Call to zmq_init with >0 thread count causes core dump


ZMQ Version : 2.1.0
OS : AIX 5.3
Compiler : IBM XLC/C++ v10.1

While calling the zmq_init() function with an argument >1, the program core dumps. It does not core dump when the argument sent is 0.

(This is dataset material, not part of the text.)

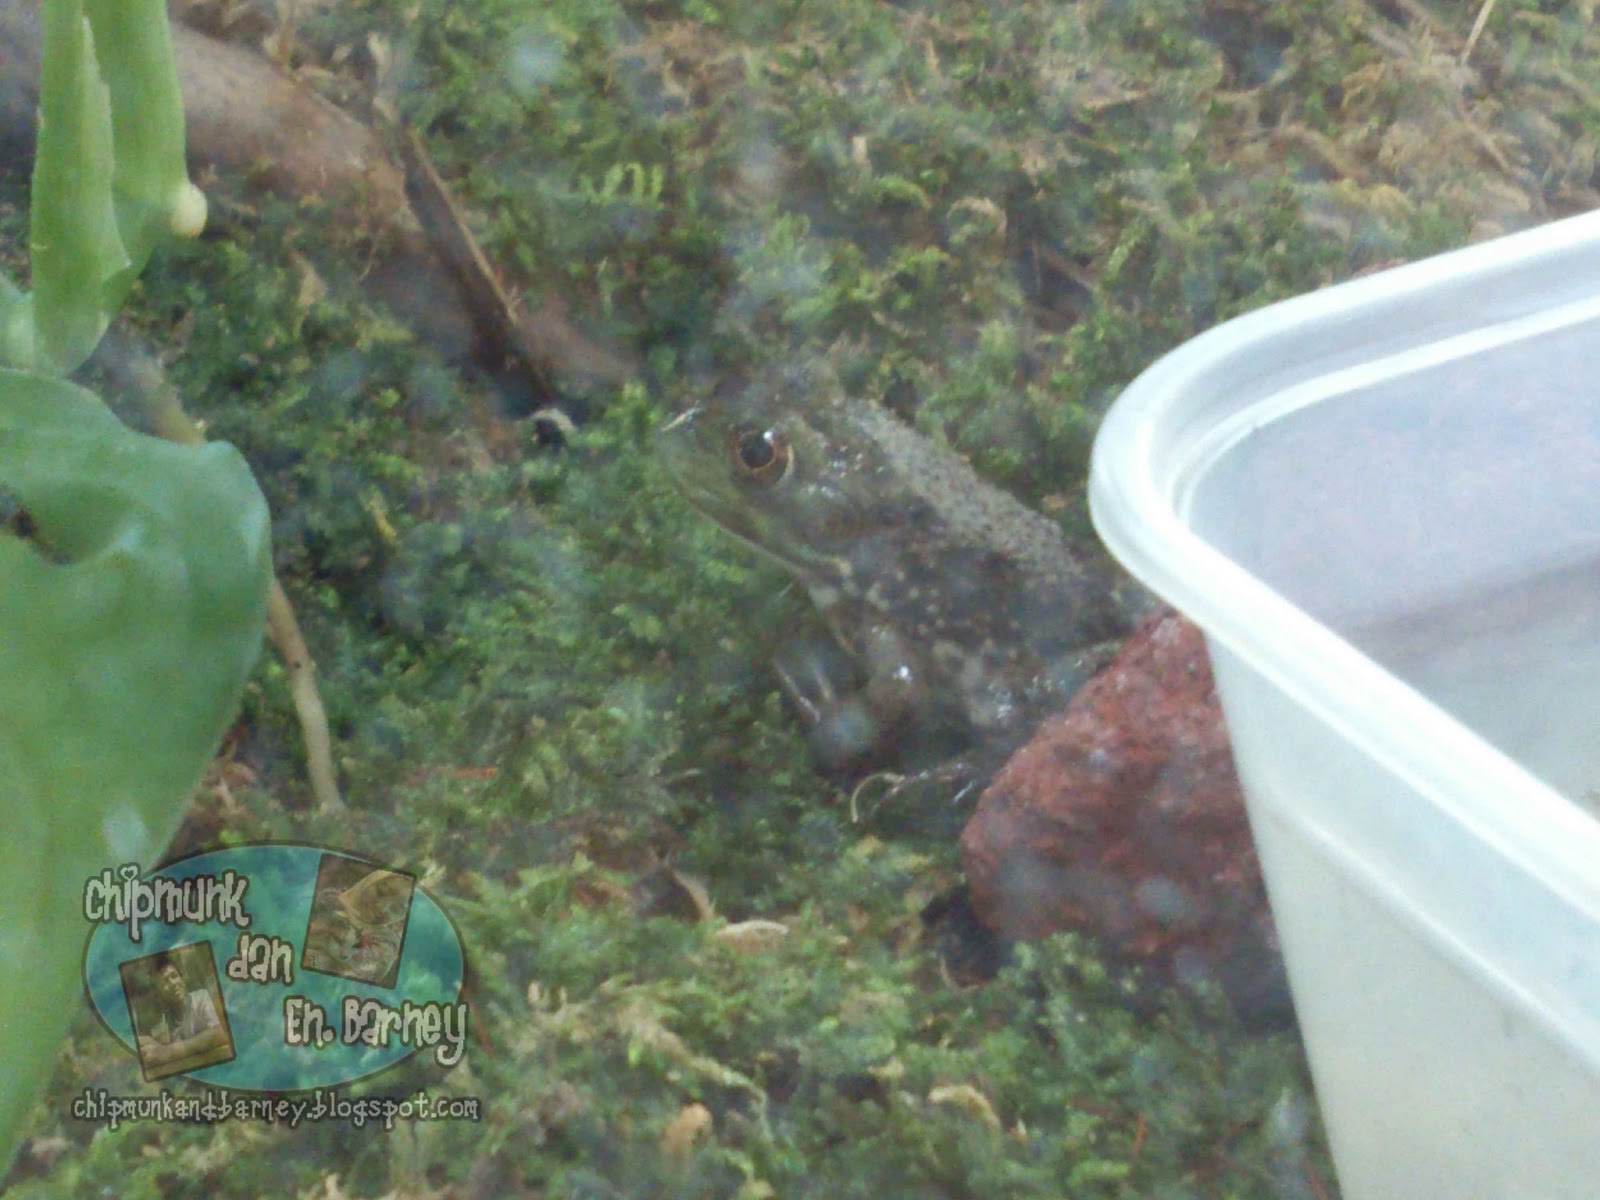 gambar katak - gambar katak comel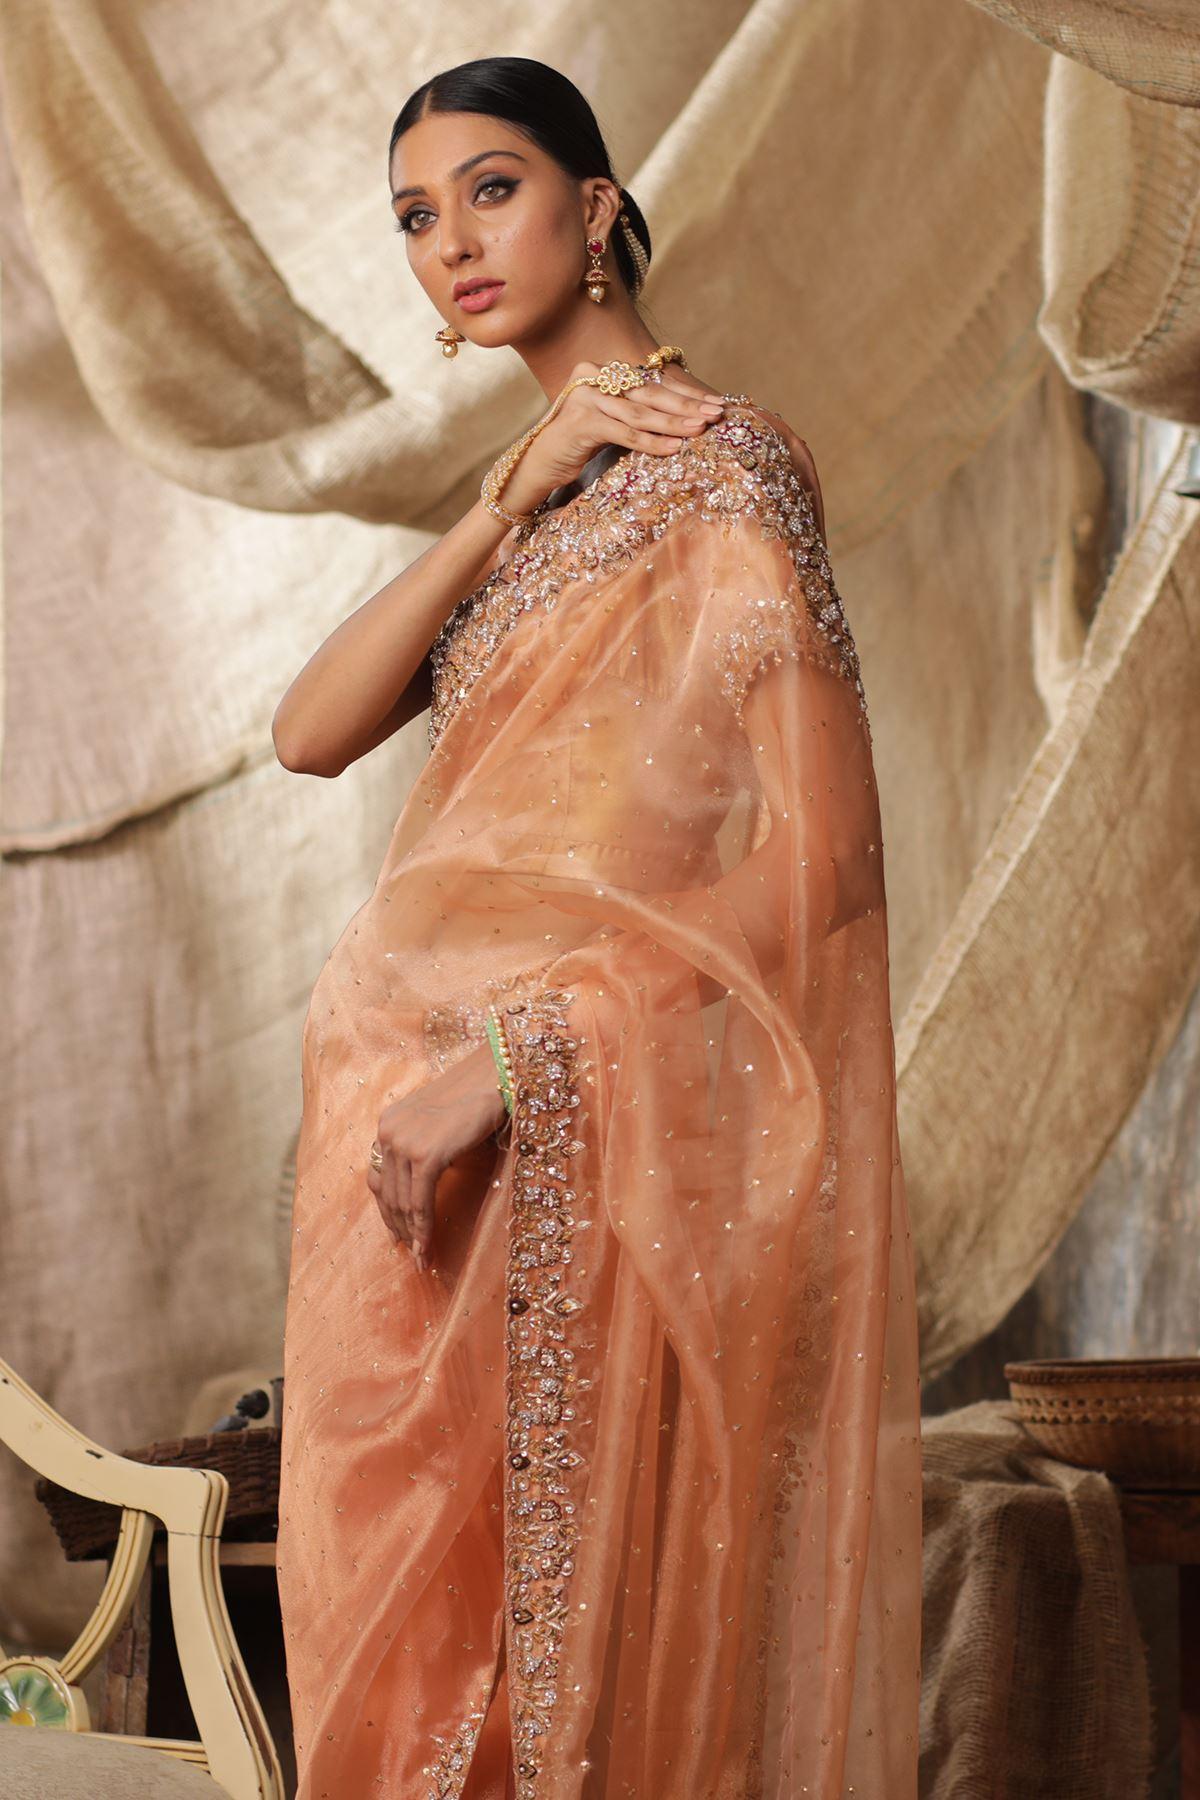 Moazzam Khan Moazzam Khan Party Wear 3Pc Saree Blouse Petti Coat in Peach for Women

Here is the stack trace from dbx:

> dbx ./HelloWorldServer
Type 'help' for help.
[using memory image in core]
reading symbolic information ...

IOT/Abort trap in pthread_kill at 0xd005f734 ($t1)
0xd005f734 (pthread_kill+0x88) 80410014 lwz r2,0x14(r1)
(dbx) where
pthread_kill(??, ??) at 0xd005f734
_p_raise(??) at 0xd005f1a4
raise.raise(??) at 0xd02a38f0
abort() at 0xd0307778
myabort()() at 0xd0244aac
terminate()() at 0xd0242df0
terminate()() at 0xd024424c
__DoThrowV6() at 0xd02468f0
std::vector<zmq:oll_t::fd_entry_t,std::allocator<zmq:oll_t::fd_entry_t> >::_Xlen() const(this = 0x200091d0), line 317 in "vector"
std::vector<zmq:oll_t::fd_entry_t,std::allocator<zmq:oll_t::fd_entry_t> >::insert(std::_Ptrit<zmq:oll_t::fd_entry_t,long,zmq:oll_t::fd_entry_t*,zmq:oll_t::fd_entry_t&,zmq:oll_t::fd_entry_t*,zmq:oll_t::fd_entry_t&>,unsigned long,const zmq:oll_t::fd_entry_t&)(this = 0x200091d0, _P = &(...), _M = 2147483647, _X = &(...)), line 63 in "vector.t"
poll.std::vector<zmq:oll_t::fd_entry_t,std::allocator<zmq:oll_t::fd_entry_t> >::resize(unsigned long,zmq:oll_t::fd_entry_t)(this = 0x200091d0, _N = 2147483647, _X = (...)), line 193 in "vector"
poll.std::vector<zmq:oll_t::fd_entry_t,std::allocator<zmq:oll_t::fd_entry_t> >::resize(unsigned long)(this = 0x200091d0, _N = 2147483647), line 190 in "vector"
poll.std::vector<zmq:oll_t::fd_entry_t,std::allocator<zmq:oll_t::fd_entry_t> >::resize(unsigned long,zmq:oll_t::fd_entry_t)(this = 0x2ff21f80, _N = 4048429592, _X = (...)), line 48 in "poll.cpp"
zmq::io_thread_t::in_event()(this = 0xd68568c0, 0x20008650, 0x0), line 32 in "io_thread.cpp"
zmq::ctx_t::~ctx_t()(this = 0x2ff22080, __dtorFlags = -246531096), line 59 in "ctx.cpp"
zmq.zmq_init(io_threads_ = 1), line 243 in "zmq.cpp"
main(), line 18 in "HelloWorldServer.c"

After some digging around, I found out that in poll.cpp, the call to getrlimit() for RLIMIT_NOFILE resource returns 2147483647 when the ulimit for no of files per process is set to 'unlimited'. Thus, the next statement which tries to resize fd_table, core dumps.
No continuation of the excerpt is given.